Author Archives: Yue Jin

R Open Lab: Looking Back and Moving Forward

In the past academic year, I worked as a teaching intern with the Digital Social Science Center and Digital Science Center, hosting R open labs and workshops. Most of the people at R Open Lab are using R for their research projects; therefore in the past semester, I tried out several different teaching practices in search of the best way to enable the participants to harness the power of R as a research tool.


New Teaching Practices

  1. Peer learning: It was the first method I tried out and it seemed to be the most helpful one. By talking with people with similar research interests and learning from each other’s experiences, many participants expanded their professional networks and found a better way to apply R to their research. Exchanging learning experiences with people from different academic backgrounds helped the participants to gain a broader understanding of the functionality of R. However, creating a stimulating environment for peer learning but not making the participants feel pressured can be challenging.
  2. Group discussion: I tried to encourage group discussion by throwing open-ended questions at the participants during the instructions. The problem with this method is that more often than not, the discussions were very shallow, probably because the questions were not interesting enough. Looking forward, it might worth trying to prepare a thought-provoking question for each R Open Lab session and make group discussion as a standalone part.

Challenges and Solutions

Based upon my experience with both workshops and open labs, and the feedback from the attendees, the challenges facing the R Open Labs and possible ways to improve them are as follows:

  1. Due to lack of a clear syllabus for the whole semester and its self-paced nature, most participants are not motivated to attend R Open Labs regularly. To help participants have a better idea of the progress of open labs, we can try to post topics for each session a month in advance on the workshop list. We can also maintain a GitHub repository and upload materials used for instruction after each session so that other interested individuals could easily access them.
  2. Although the Swirl package is an immensely helpful starter kit, most people new to coding and statistics still struggle with very basic R operations. Furthermore, the huge gap between basic operations and being able to fully implement a research project can be frustrating and overwhelming. Therefore, instead of Swirl, we could provide participants with some sample code and links to GitHub repositories, so that they could use them as a starting point for their own projects and learn best practices of building a project with R
  3. Some questions are frequently asked by the participants, so we can probably provide participants with a list of FAQs and the general answers to maximize efficiency.
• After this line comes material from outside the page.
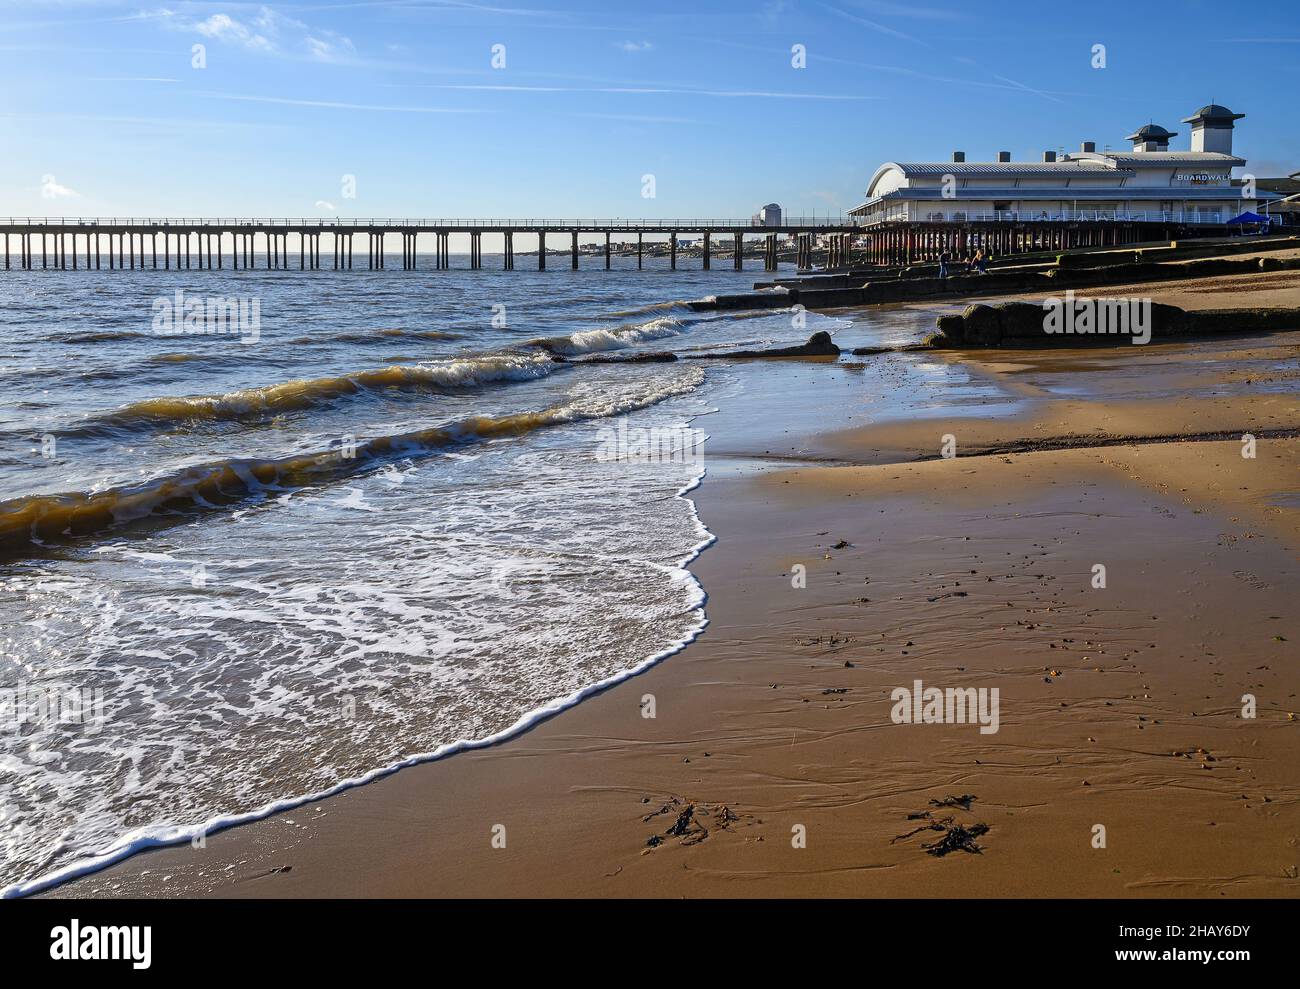 Felixstowe, Suffolk, UK: Waves lap against the sandy beach in the English resort town of Felixstowe with the pier behind. Stock Photo

To conclude, this internship motivated me to think deeper about teaching and better understand people’s needs. It was an incredibly challenging and rewarding experience. As data analysis becomes increasingly important in a multitude of research areas ranging from biology to history, R is becoming an essential research tool. I hope by continuing to make improvements to the contents and structure of R Open Lab, it could serve as a platform to introduce R as a useful digital tool and promoting collaboration between scholars interested in R.

 

A Reflection on My Internship with DCIP

This fall semester I joined the Digital Center Intern Program(DCIP) as an instructor intern. My internship is primarily focused on developing lesson plans for and hosting weekly R Open Labs. This internship allowed me to try different teaching approaches and explore different topics about R. It was an intellectually challenging and rewarding experience. The highlights of my experience were discussing with people from diverse academic backgrounds about how to use R to help their research. I learned a lot about applications of statistical analysis from these discussions and it felt wonderful to help people.
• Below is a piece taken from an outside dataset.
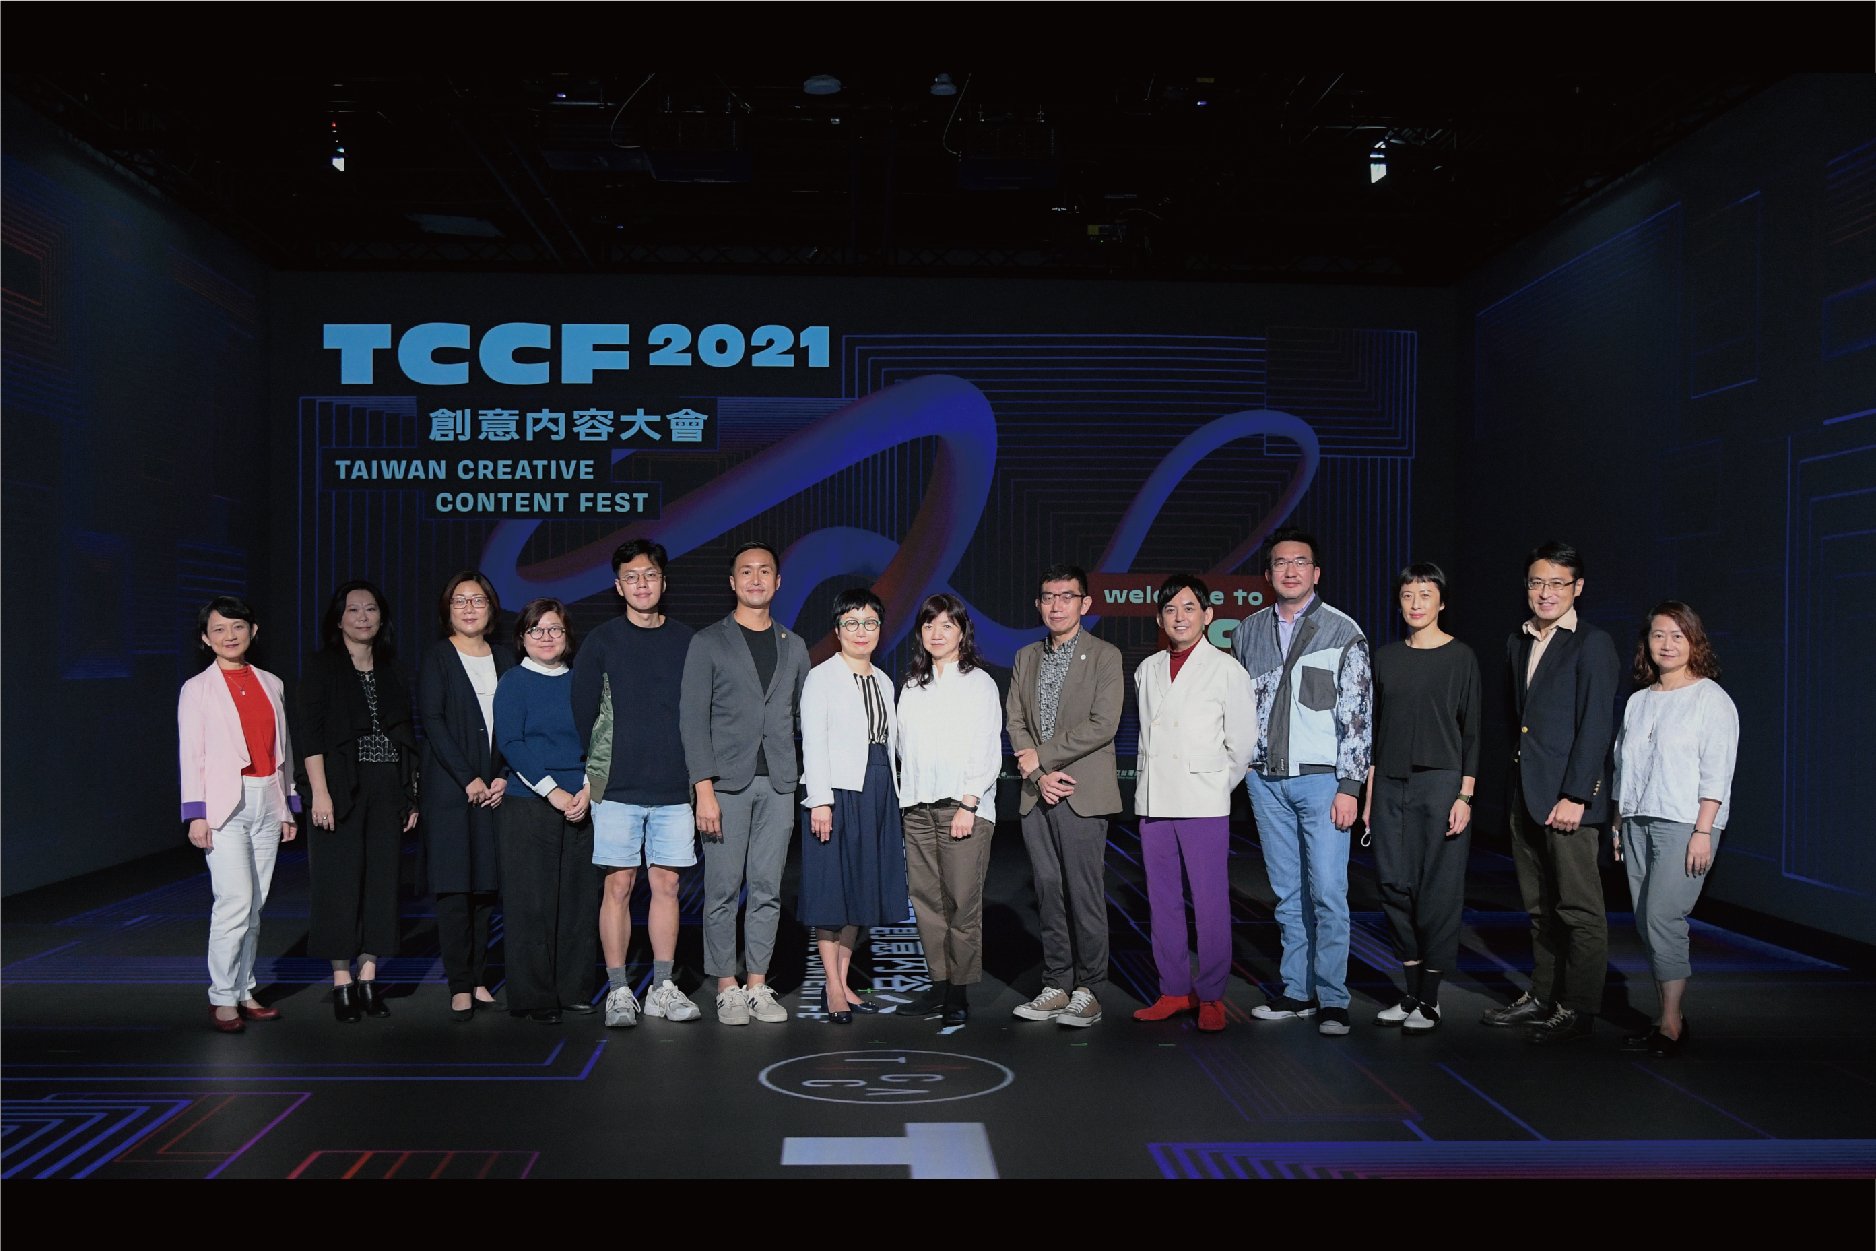 TAICCA Announced the 2021 Taiwan Creative Content Fest, Presenting Taiwan’s Content Industry to International Buyers

At the beginning of the semester, I started R Open Lab as a very structured instructional session and covered the basic usage of R. Later on, after talking with other librarians, I decided to make the open lab more free-flowing and put more emphasis on discussion instead of instruction. I found that, by getting participants more engaged in conversation, I was able to better understand their needs and help them with their research.
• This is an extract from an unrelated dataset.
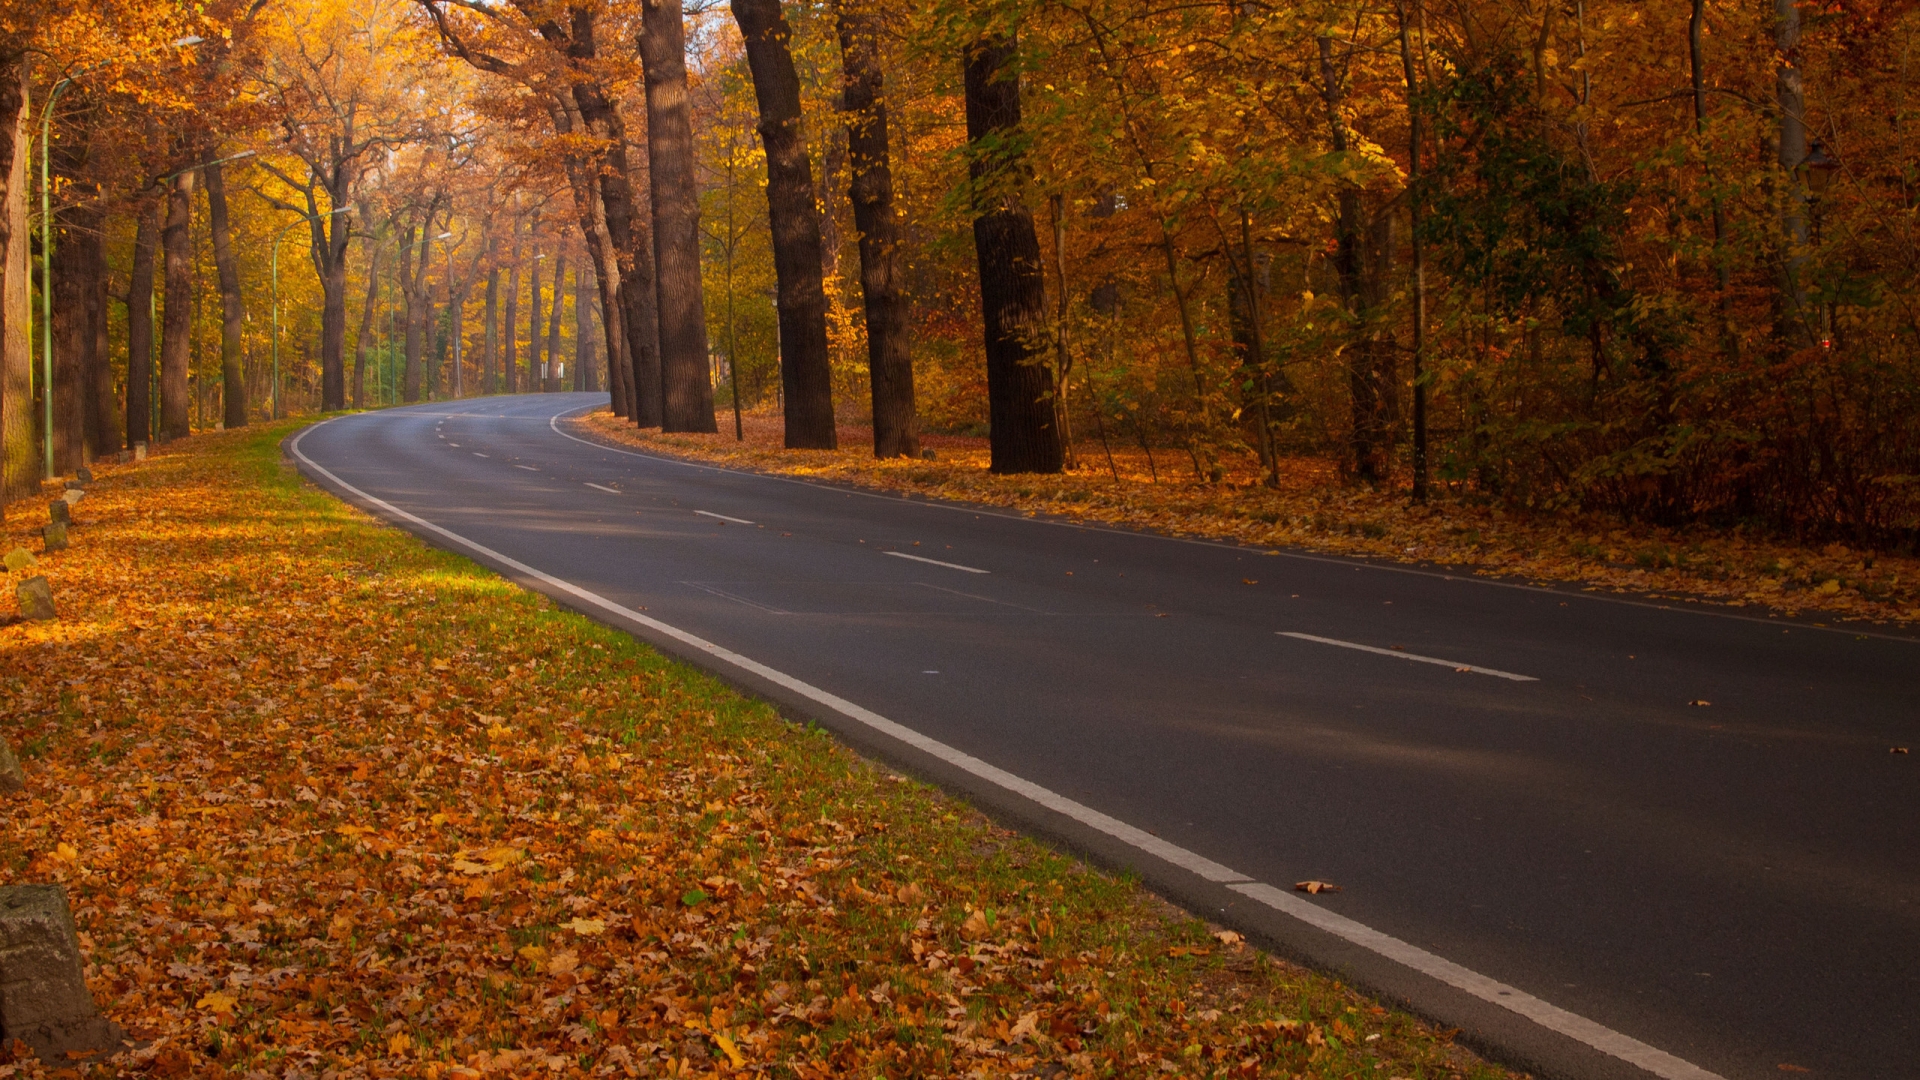 Road through Autumn Woods for 1920 x 1080 HDTV 1080p resolution

The internship offered a great opportunity for me to see for myself how R and statistics could be used as a tool for research. For example, one of the open lab’s regular participants used R to conduct sentiment analysis to gain insights about stress measurement and management in medical research. Another participant used R to extract information from Russian literature and conducted text analysis to understand the political situation at different times. It never occurred to me that statistics are so broadly used in different fields until I talked with these people.

Considering the participants’ interest and needs, I am planning to talk more about plotting, data cleaning and data scraping in the next semester. Since people coming to the open lab often have completely different levels of understanding of R, I am hoping to encourage more peer learning at the open lab next semester.

This internship motivated me to gain a deeper understanding of R and enhanced my teaching skills. It is an amazing program and I had an incredibly fulfilling experience. I really look forward to the future work in the program and I hope to do better next semester.